From the first line to the last, output the data exactly as it stands, minus its pictures.

▶ **Data excerpt**
BEGIN

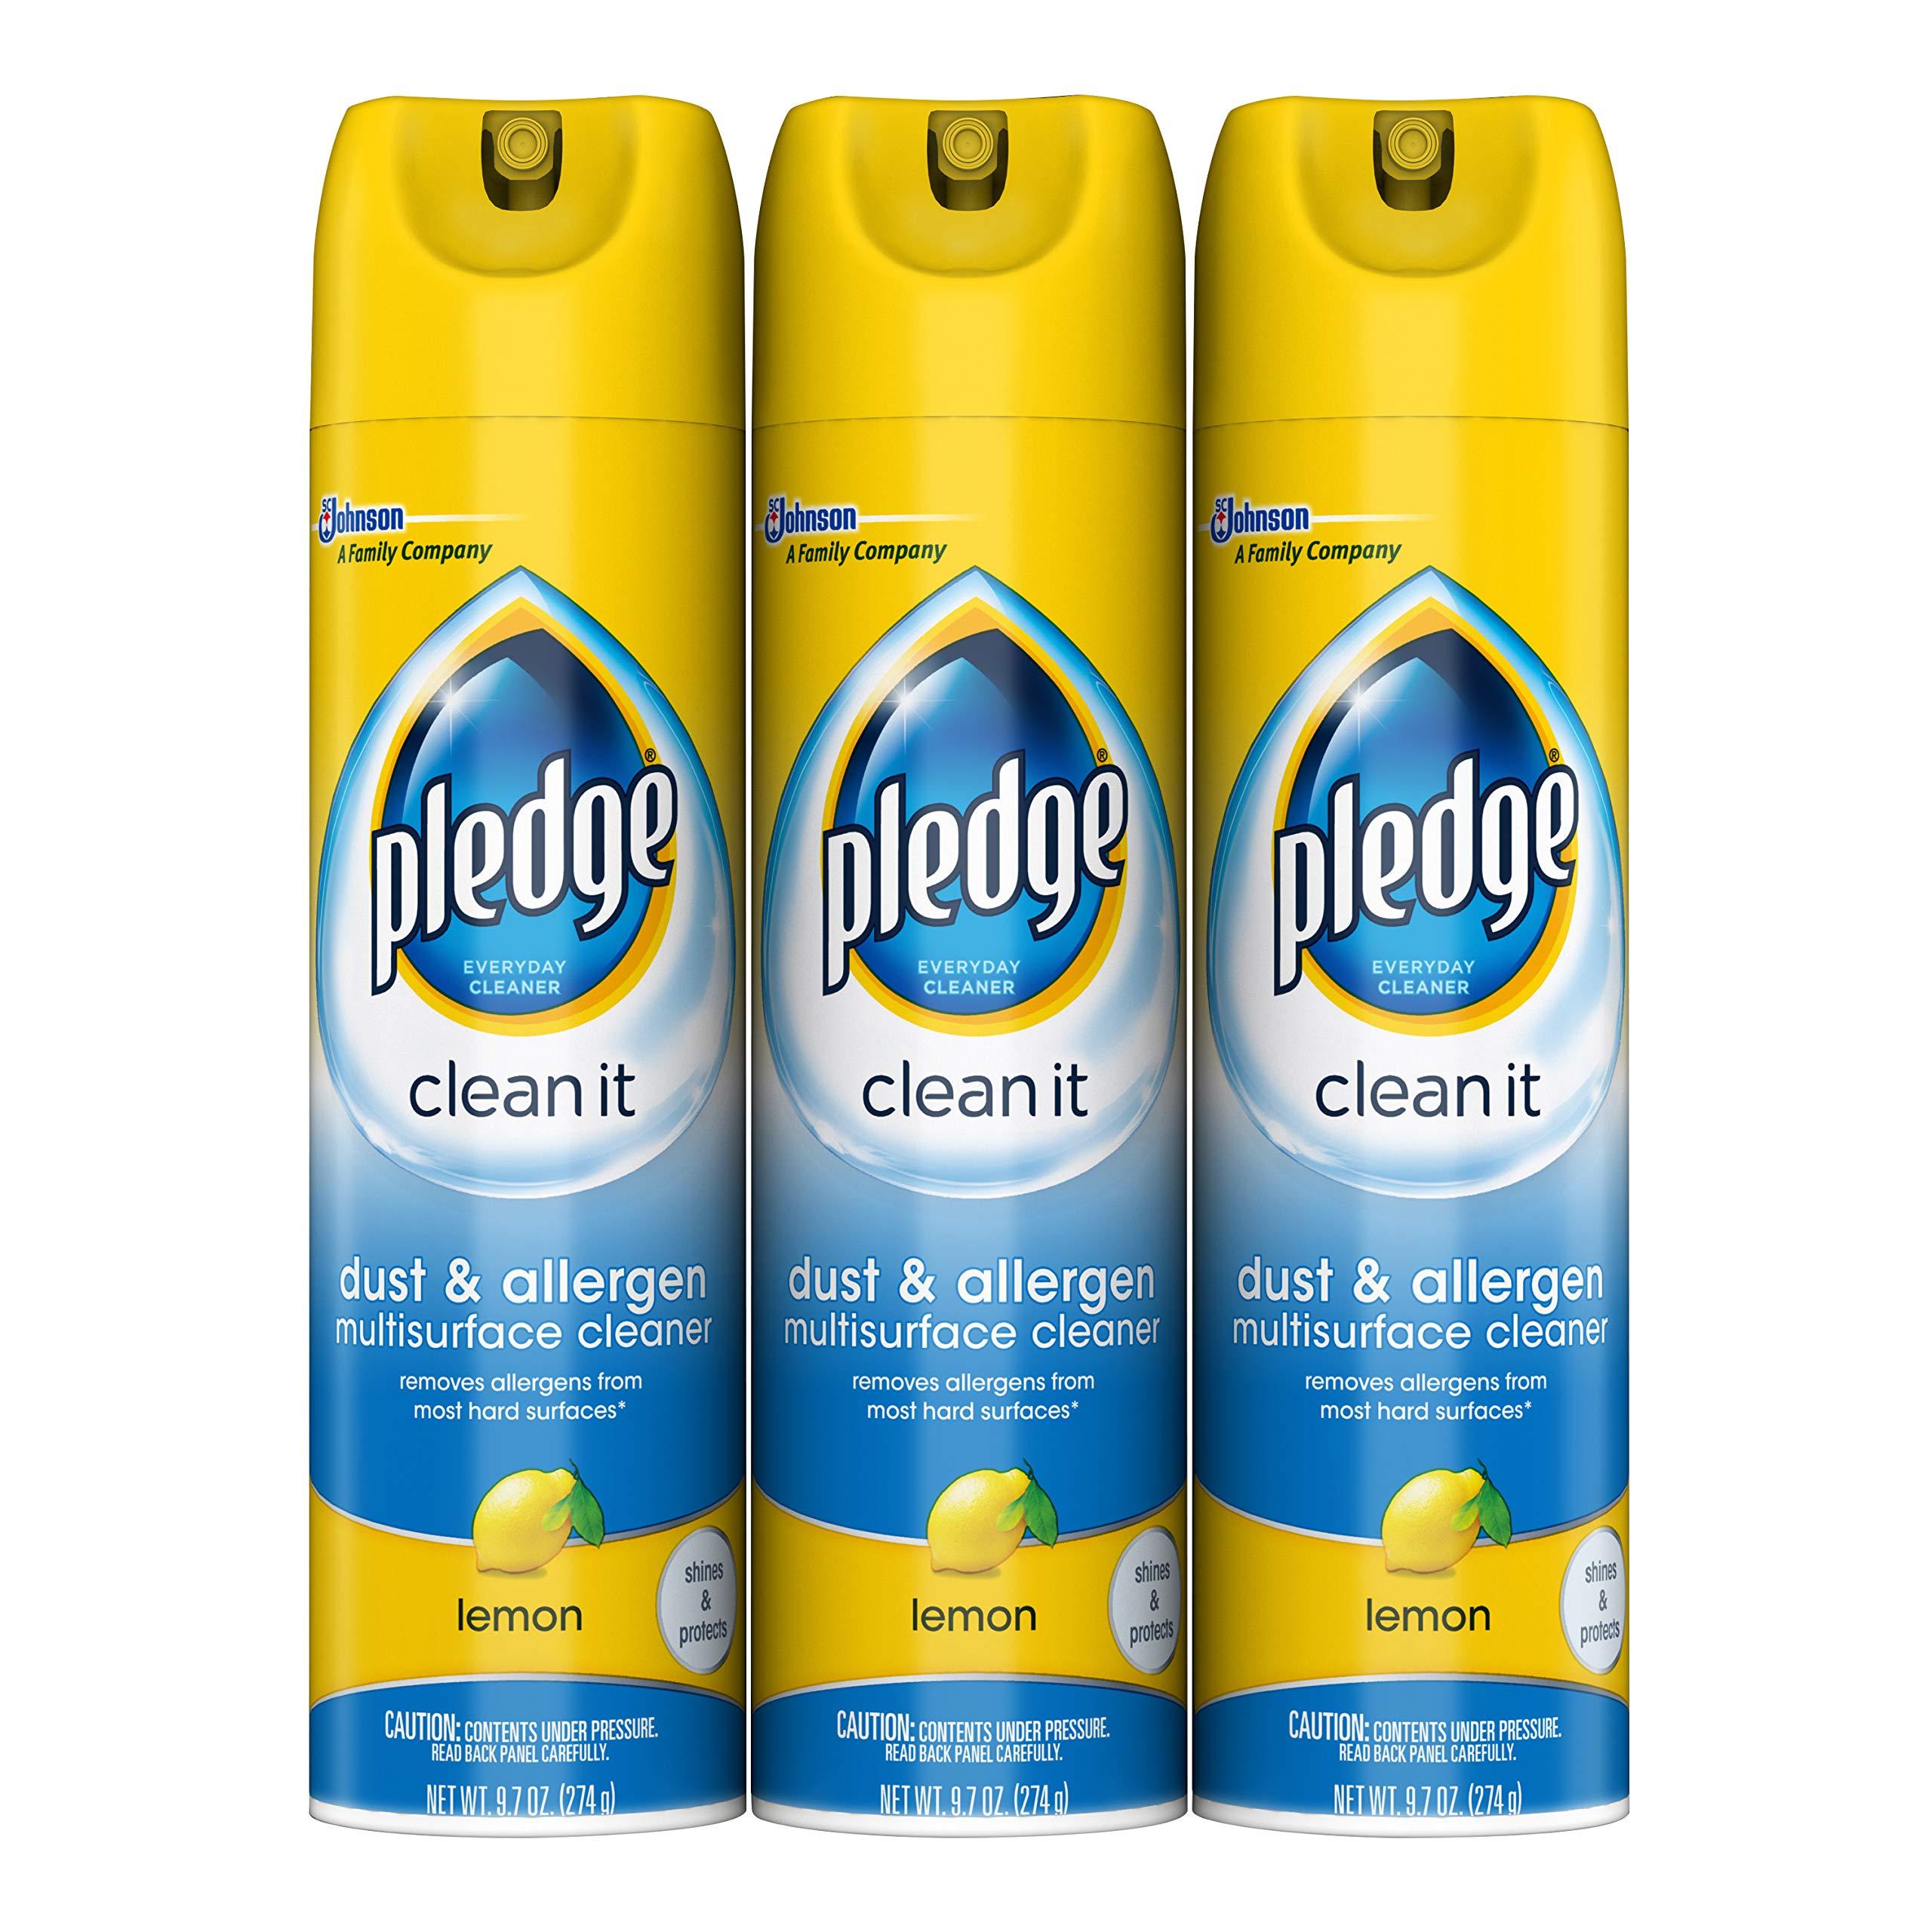 Pledge Dust & Allergen Multisurface Cleaner, Lemon, 9.7 oz, ...
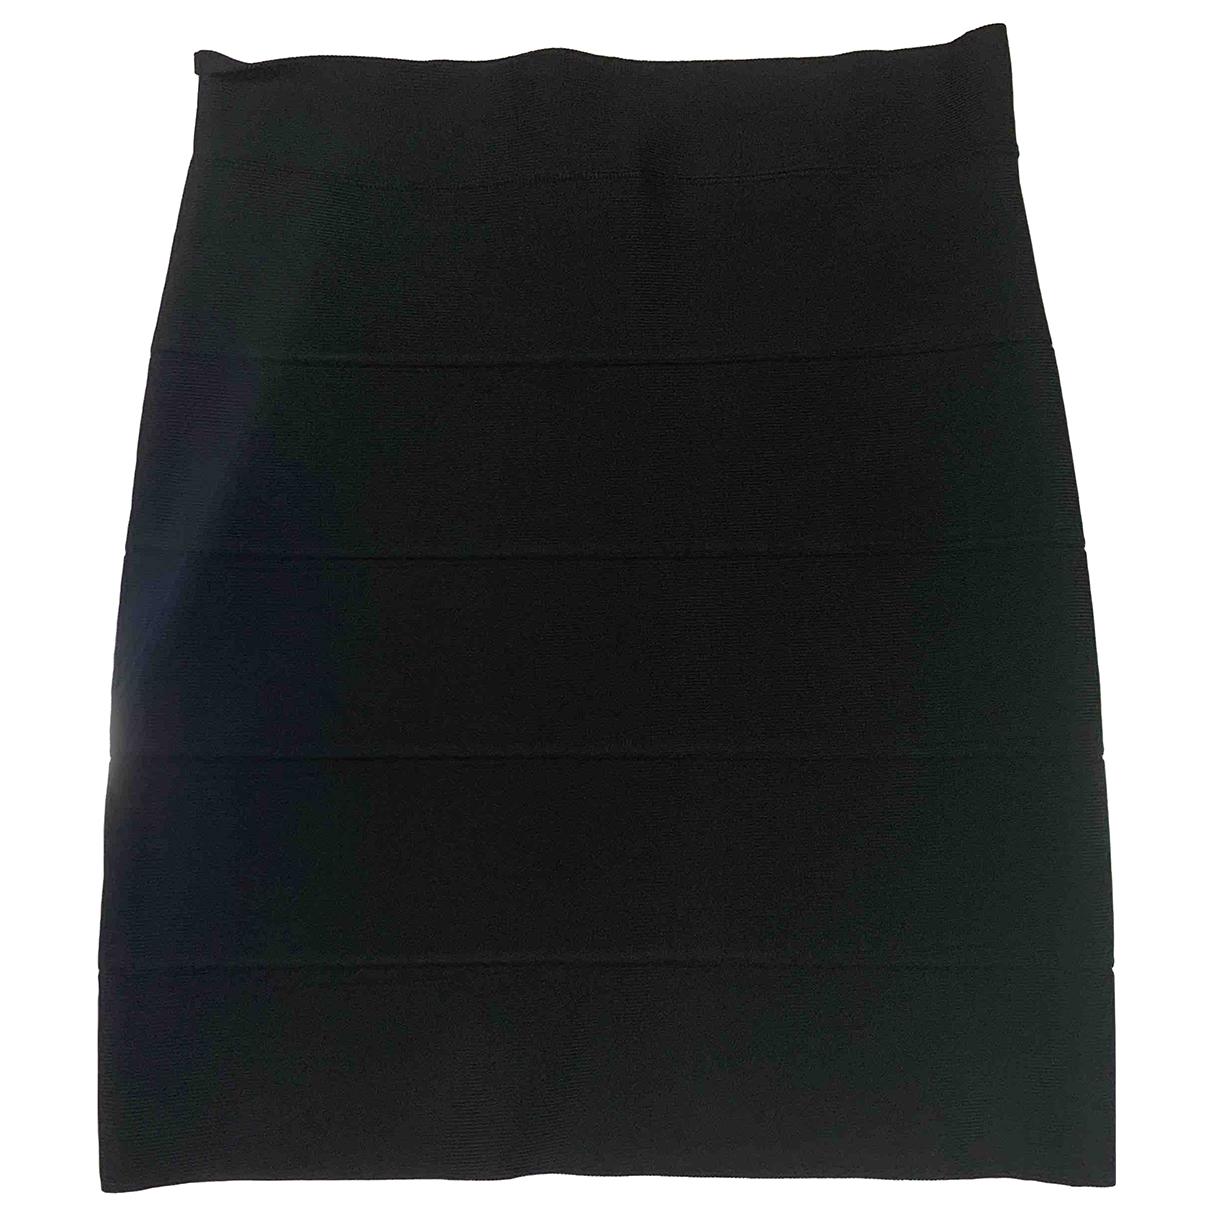 Bcbg Max Azria \N Black skirt for Women M International
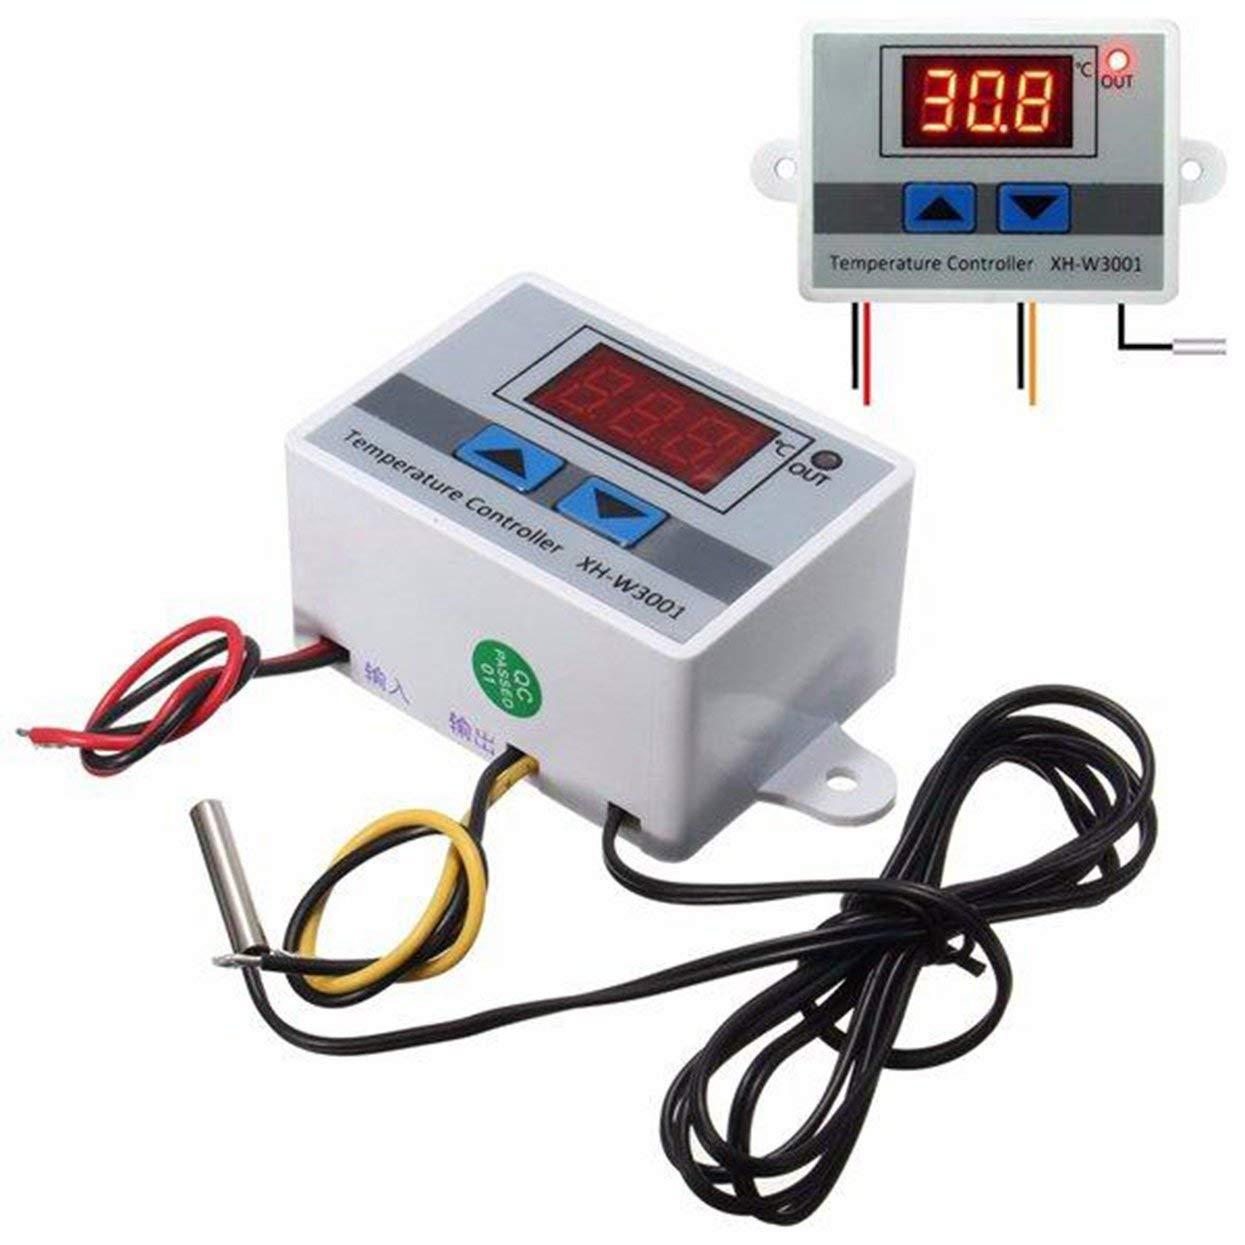 XH-W3001 220V 10A Regolatori di Temperatura Digitali LED con Sonda Termostato

END

▶ **Solution to this problem**
 Pledge Dust & Allergen Multisurface Cleaner, Lemon, 9.7 oz, ...
 Bcbg Max Azria \N Black skirt for Women M International
 XH-W3001 220V 10A Regolatori di Temperatura Digitali LED con Sonda Termostato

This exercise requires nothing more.